* _Given information_:
::::
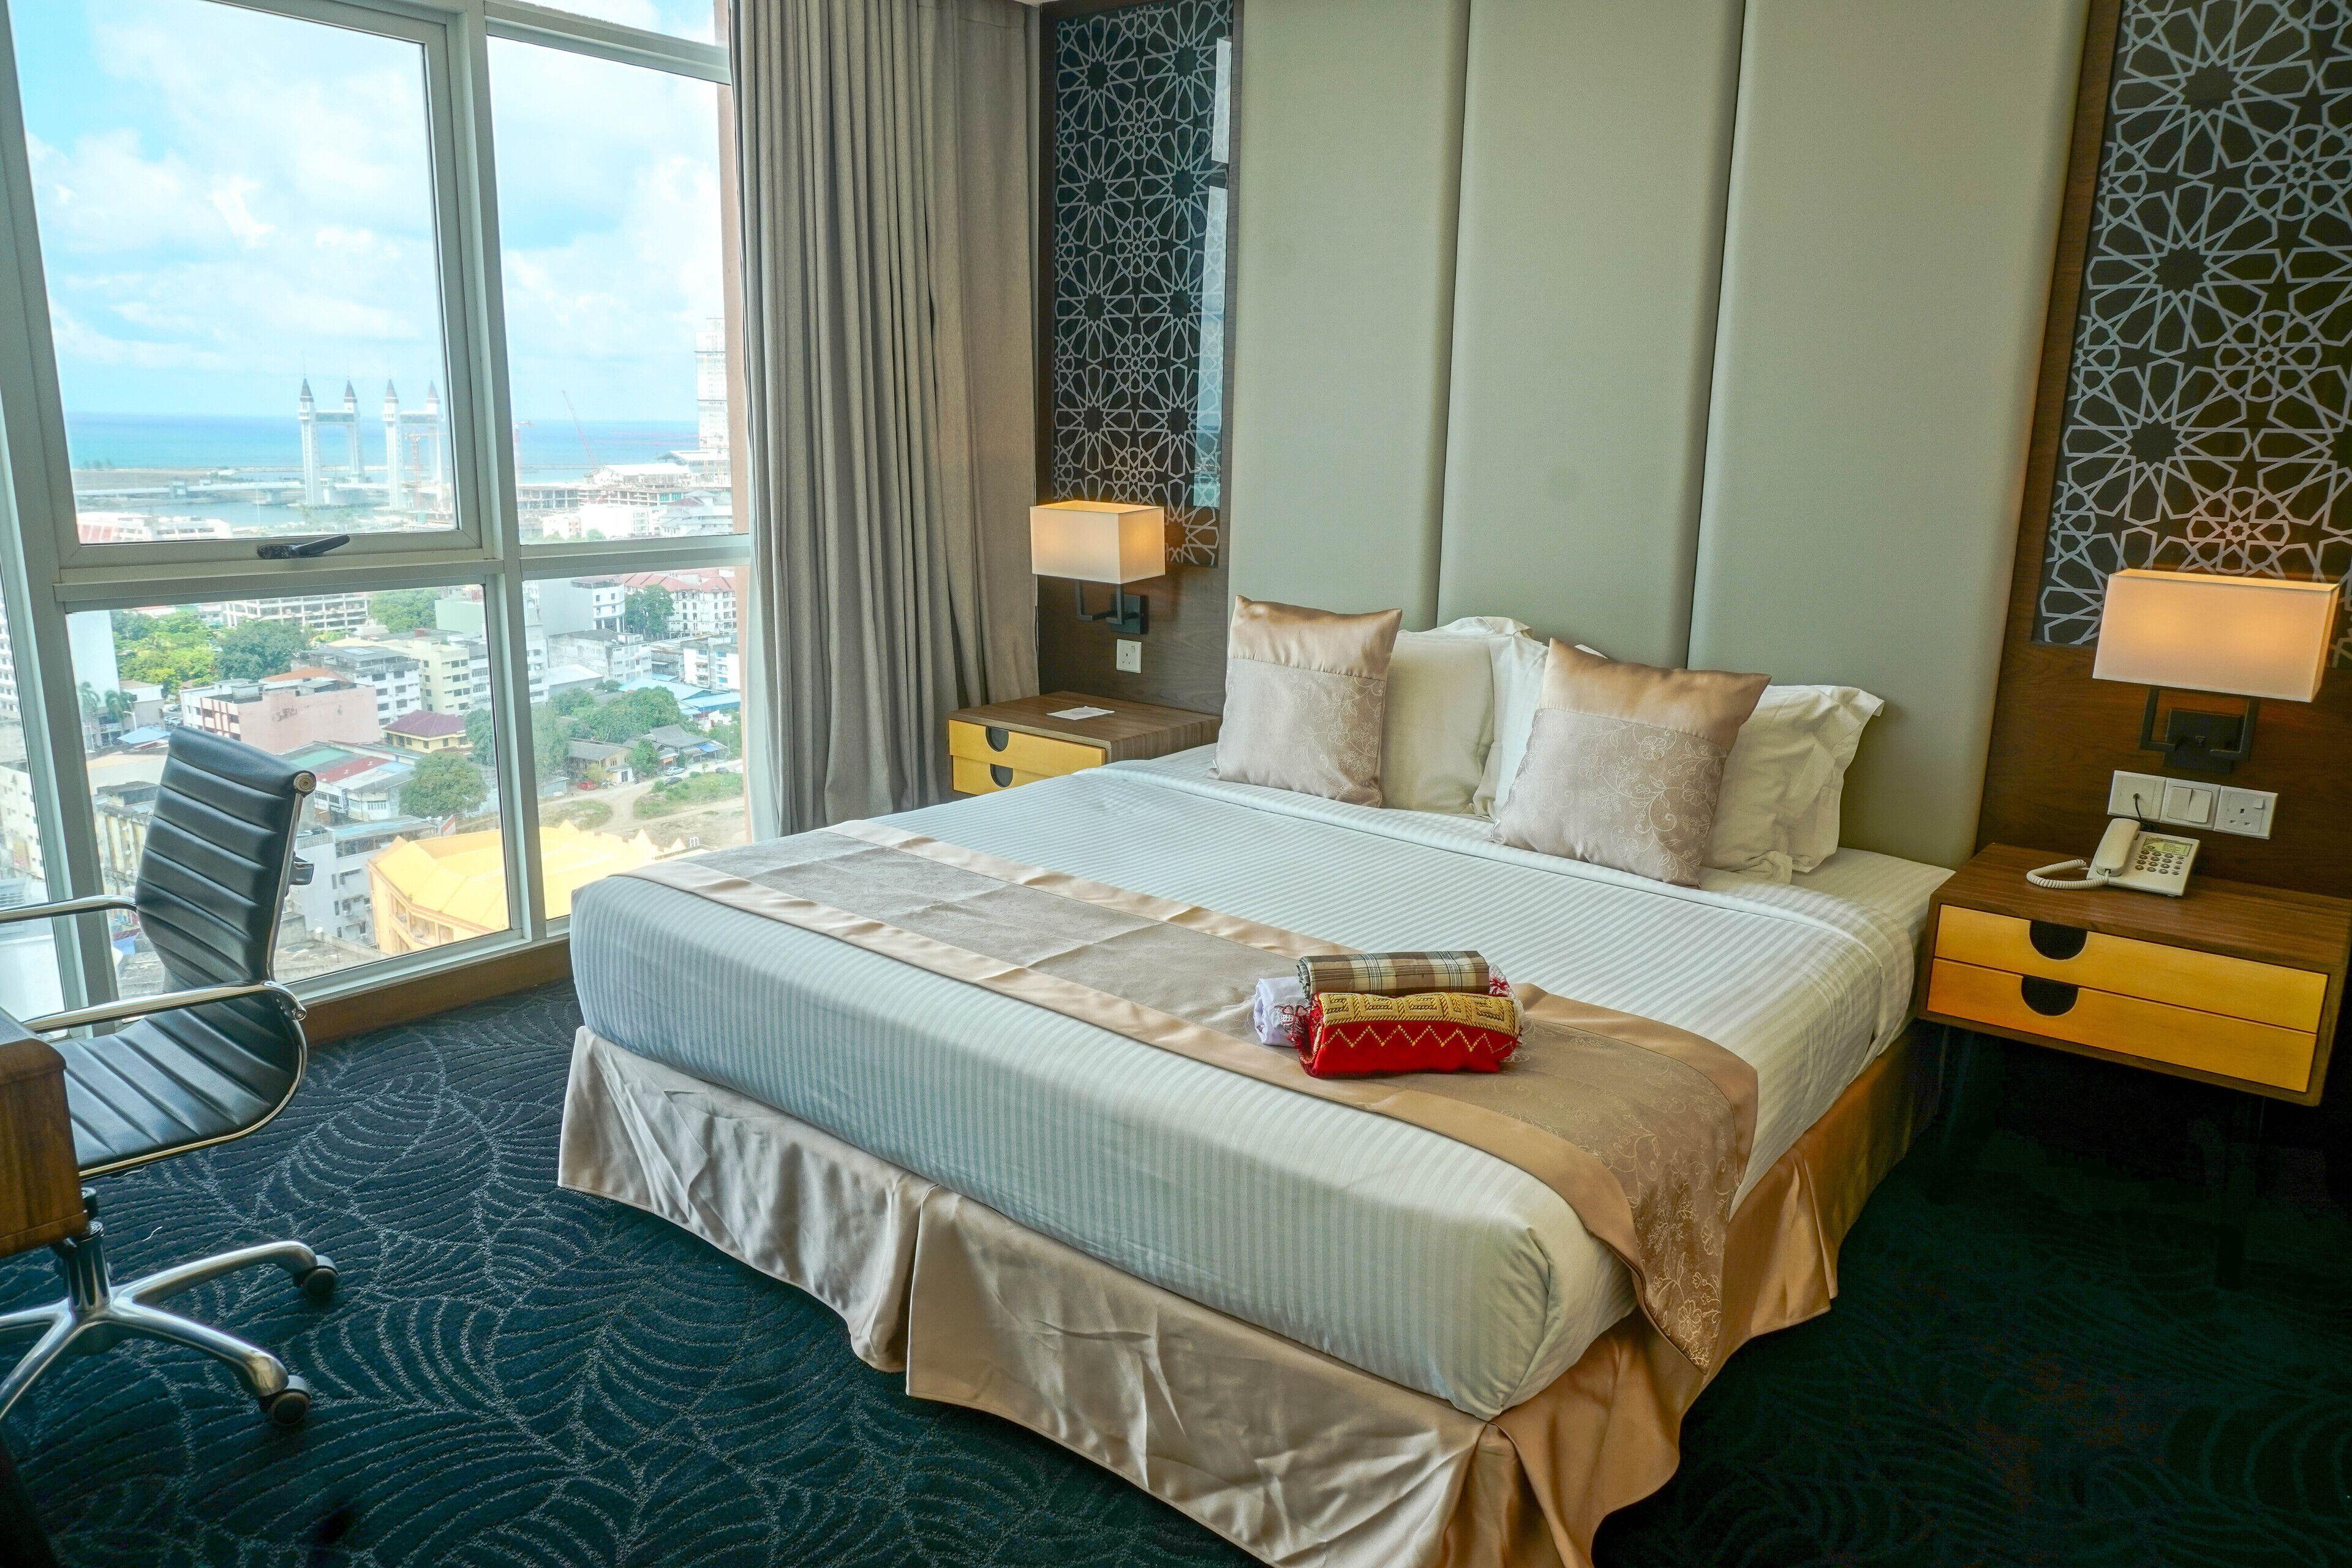 Courtesy of Paya Bunga Hotel Terenganu / Expedia
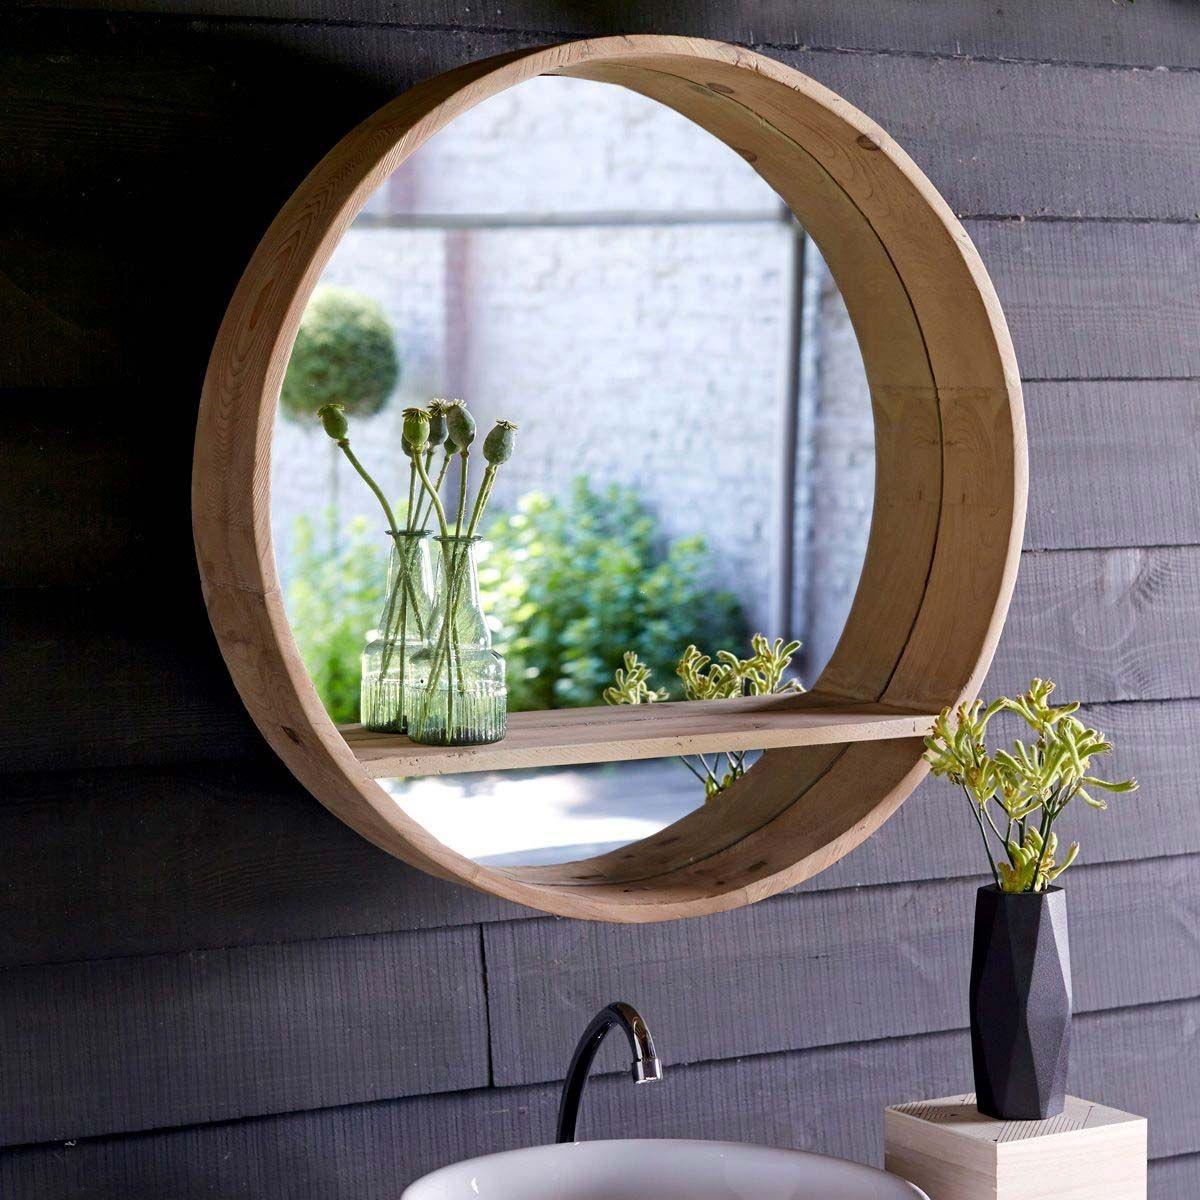 19 idées déco de miroir avec rangement | Miroir rond salle de bains, Miroir rond et Idée déco miroir
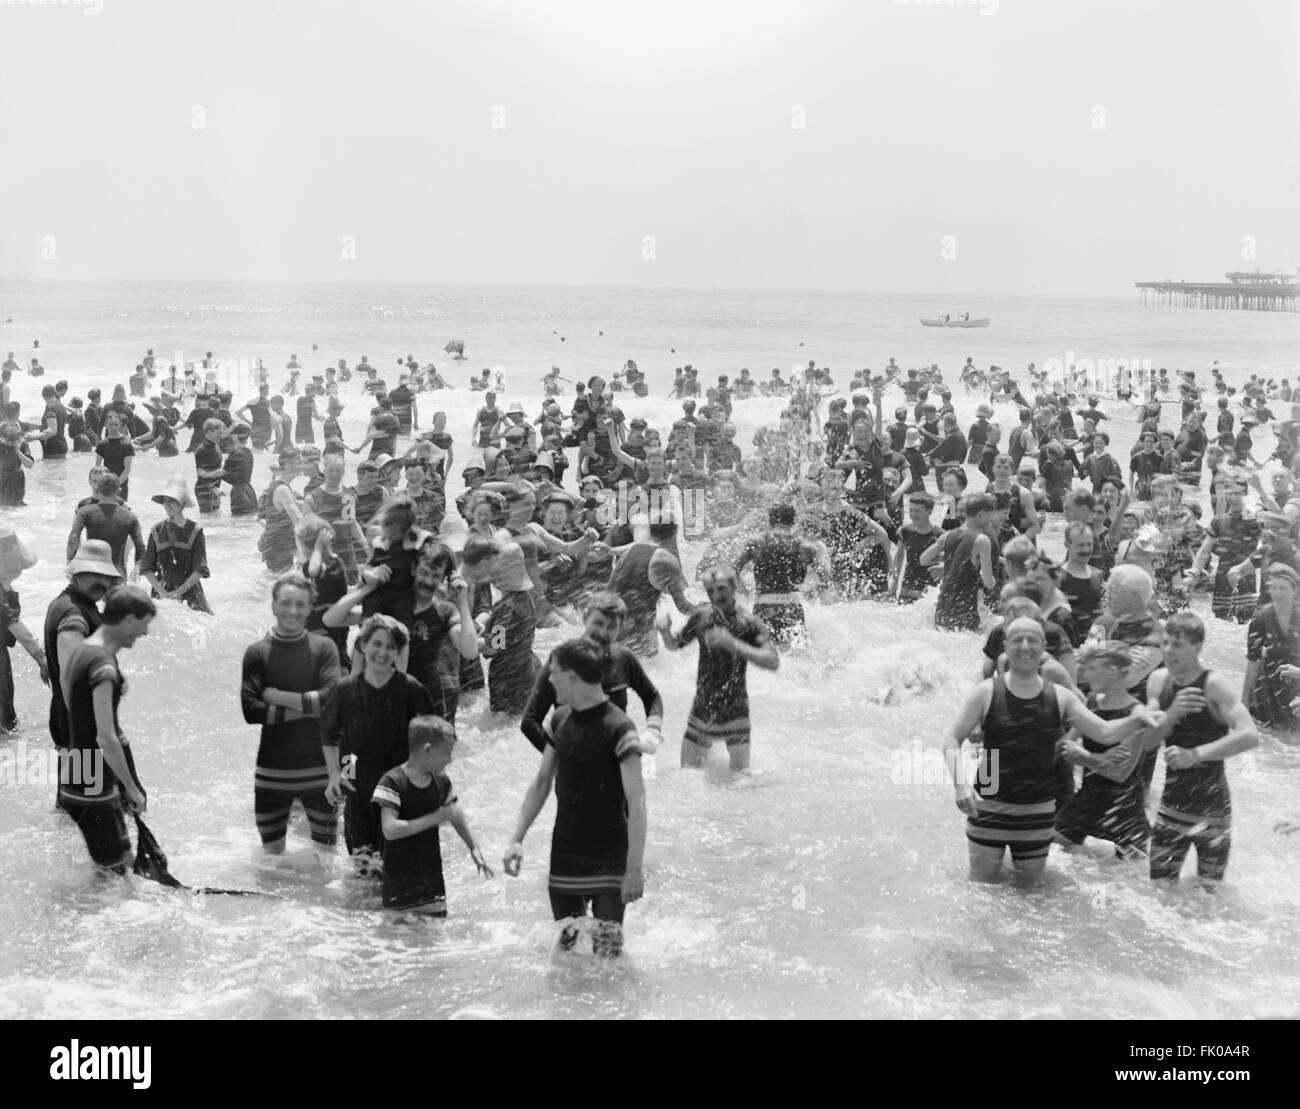 Profitant de la foule, Atlantic City, New Jersey, Etats-Unis, vers 1905 Photo Stock
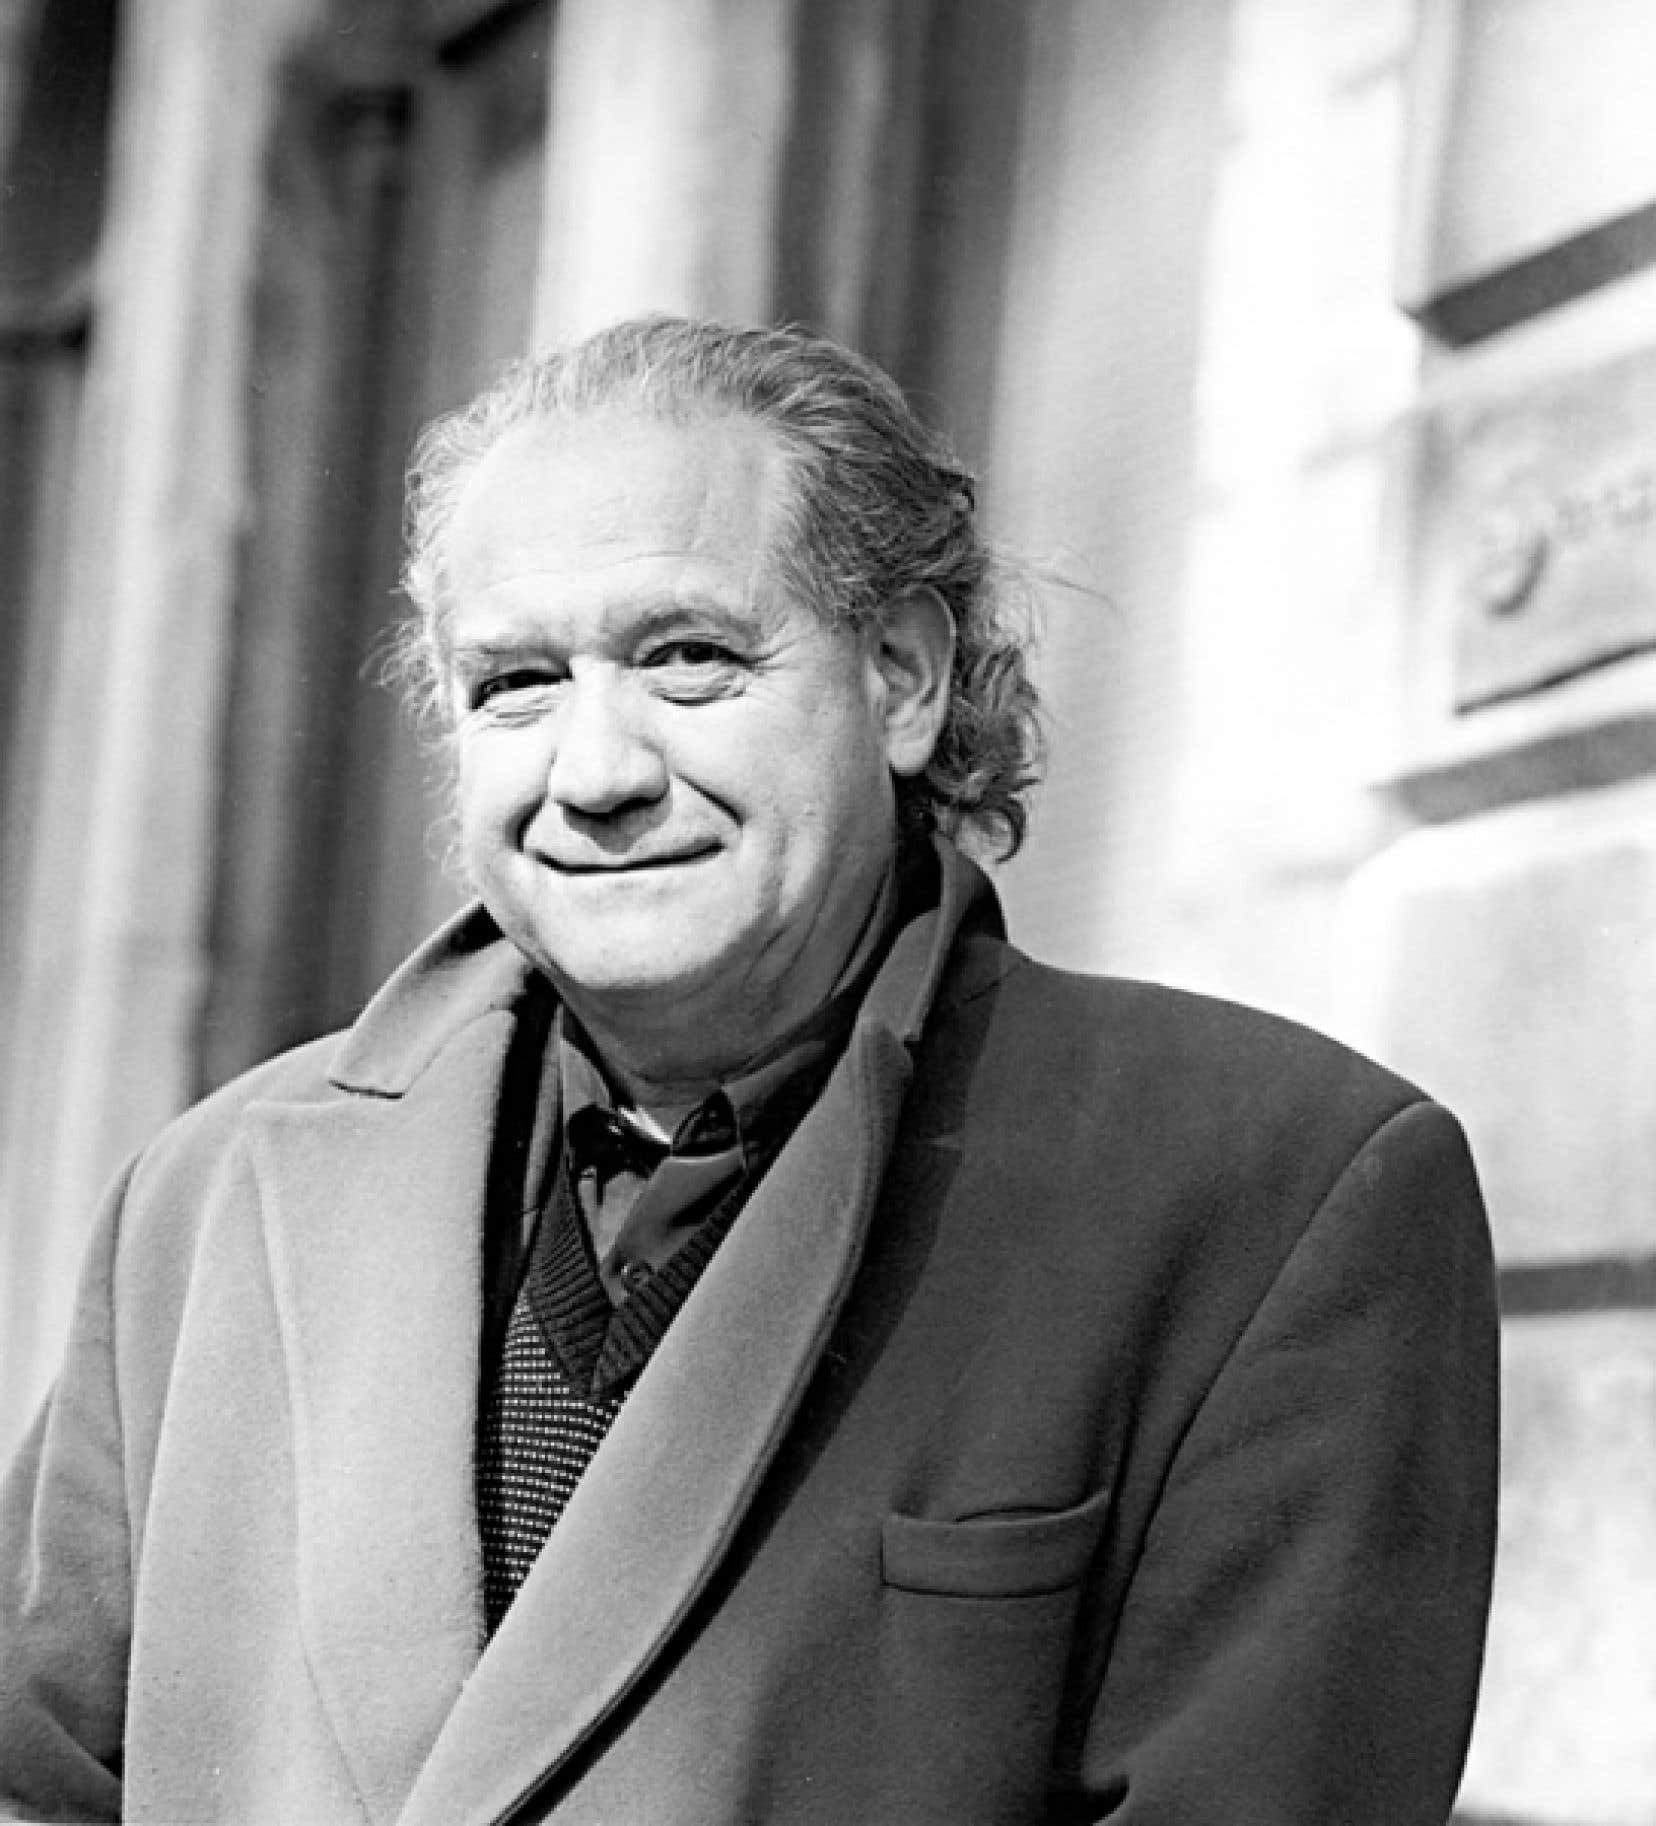 Le musicologue Jean-Jacques Nattiez, professeur titulaire à la faculté de musique de l'Université de Montréal
::::
Word for word, reproduce each line from the one with "19 idées déco" through the last line of the material above, both included, and drop the pictures.

* _Task result_:
 19 idées déco de miroir avec rangement | Miroir rond salle de bains, Miroir rond et Idée déco miroir
 Profitant de la foule, Atlantic City, New Jersey, Etats-Unis, vers 1905 Photo Stock
 Le musicologue Jean-Jacques Nattiez, professeur titulaire à la faculté de musique de l'Université de Montréal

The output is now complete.